A few weeks ago we had a major crash that was caused by a bad install. I wiped the machine and reinstalled the OS (Windows Server 2003). At first everything appeared to be fine.
We are using:
2 x 4 core 2.33 GHz Xeon E5345
Intel s5000XVN motherboard
ATI Radeon x300 Video
The machine is used primarily as a workstation for research data extraction and analysis using SQL Server 2005.
The problem is a query would run for close to 10-minutes and the system would hang. There would be a complete freeze-up of the system. A NMI was not thrown - no errors were thrown. I believe this pointed to hardware.
I first flashed the BIOS and updated the firmware. I then tested the RAM using Memtest86+ -- and the RAM tested out fine. I swapped video cards and seemed to fix the problem as I was now not having any freezes during the running of queries.
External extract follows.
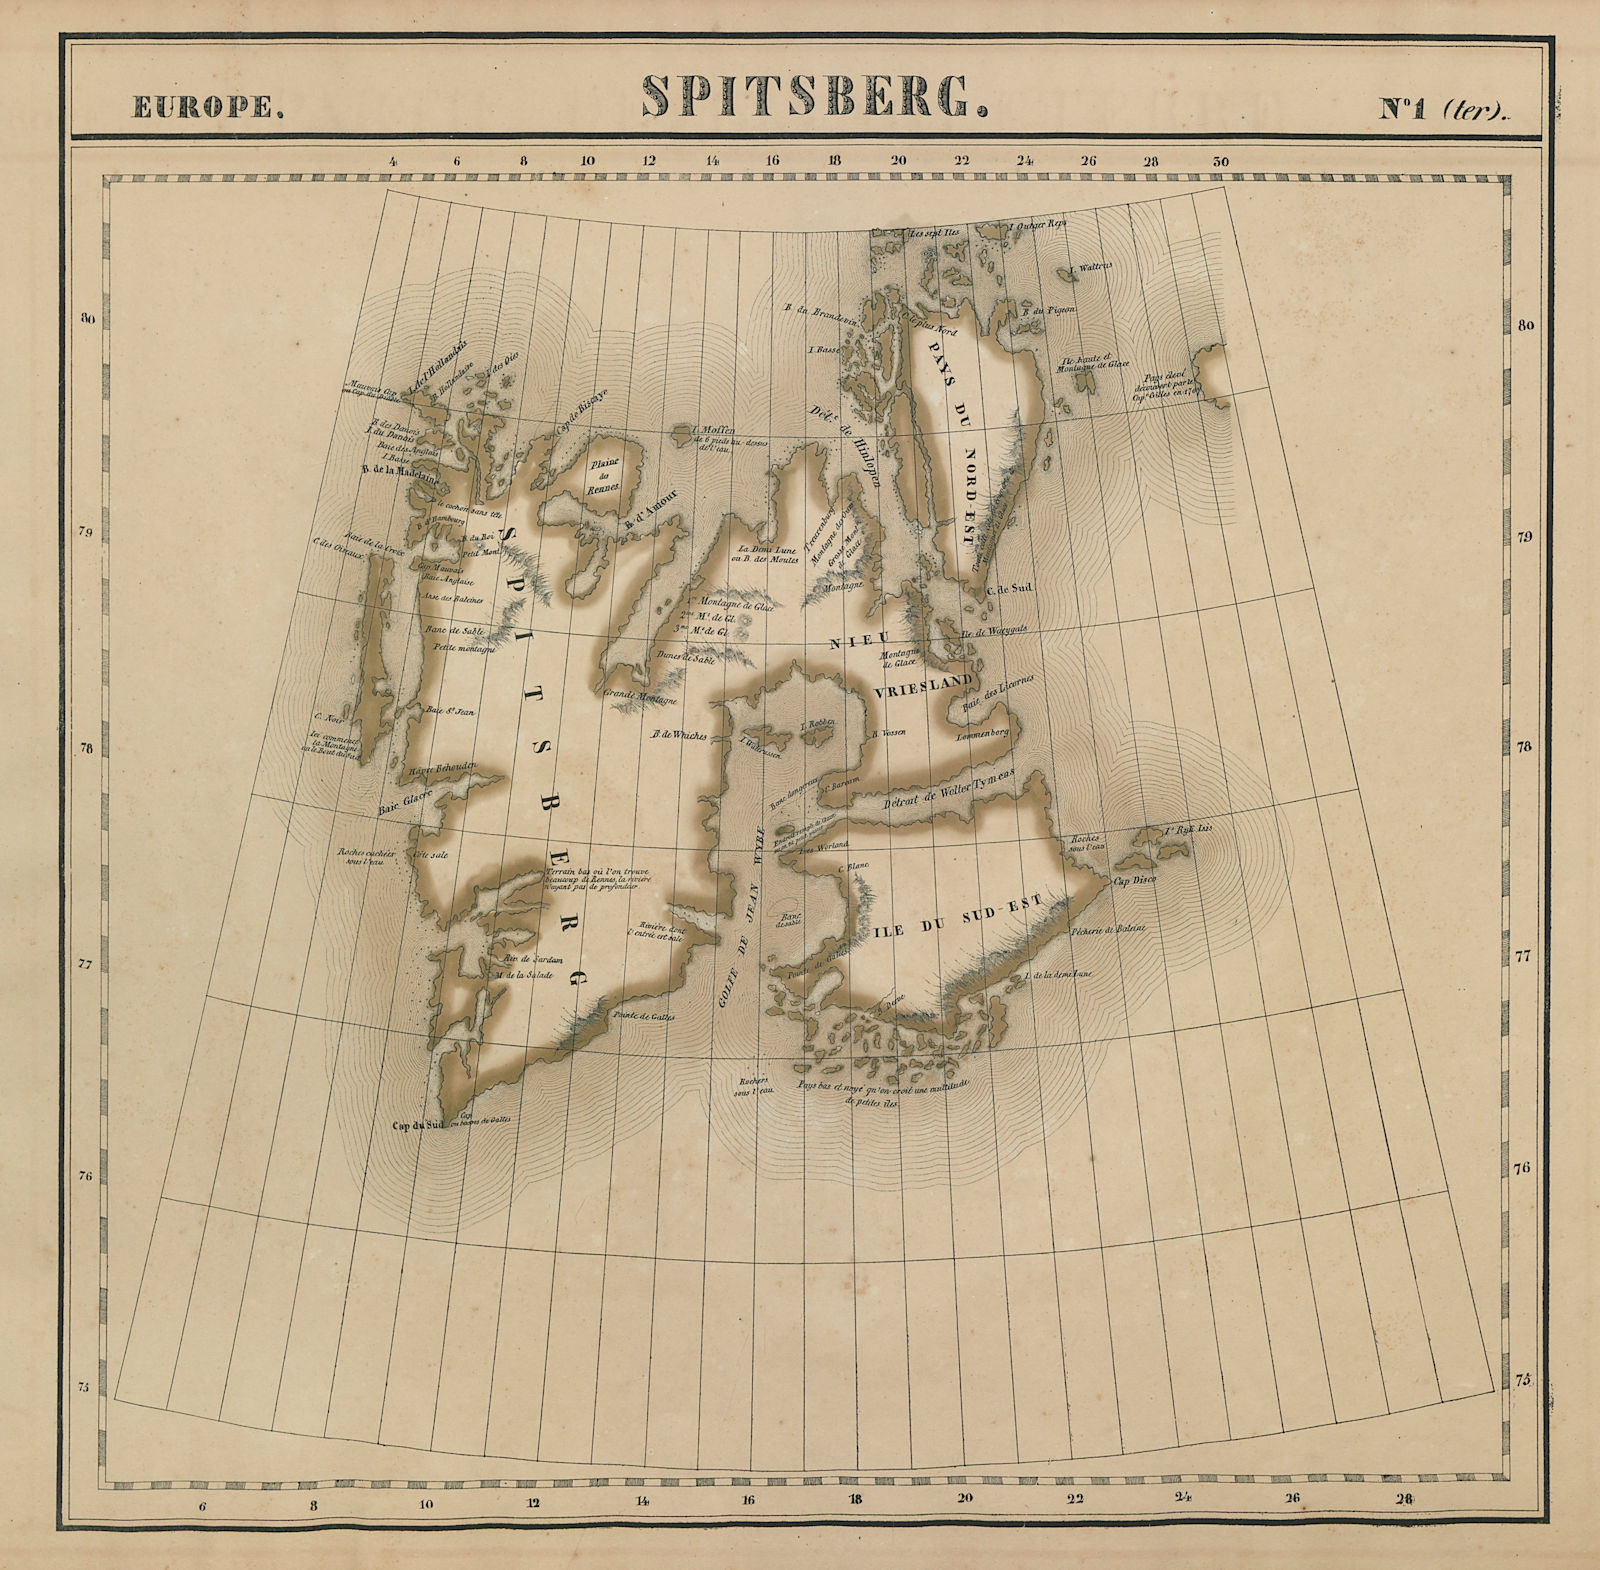 Europe. Spitsberg #1 (ter) Spitsbergen Svalbard Norway. VANDERMAELEN 1827 map

Yesterday the system started hanging again, so I started checking the OS. The event log had some errors with regards to WMIxWDM. I checked a number of forums which recommended flashing the BIOS, and checking for driver conflicts. I proceeded to remove any unneeded drivers that may cause conflict and updated all the drivers I could. My errors in the Event Log disappeared; however, my system hanging has not, and now it hangs at the 20-minute mark.
So I am essentially at a loss. The RAM tested out, so I cannot see it being that. The power supply has not given me any indication that it is failing - no odors and all voltages look good (HWiNFO32). The temperature of each of the cores is stable between 36C - 46C (98.6F to 114.8F). The RAM I think is a bit hot - 93.5C to 108.5C (200.3F to 227.3F). The main board is around 40C (100F). Other than that - the Hard Drives are running on a hardware SAS raid and seem to have no issues.
Any ideas would be of great help. I am running out of things to try - other than telling the bosses they need a new machine.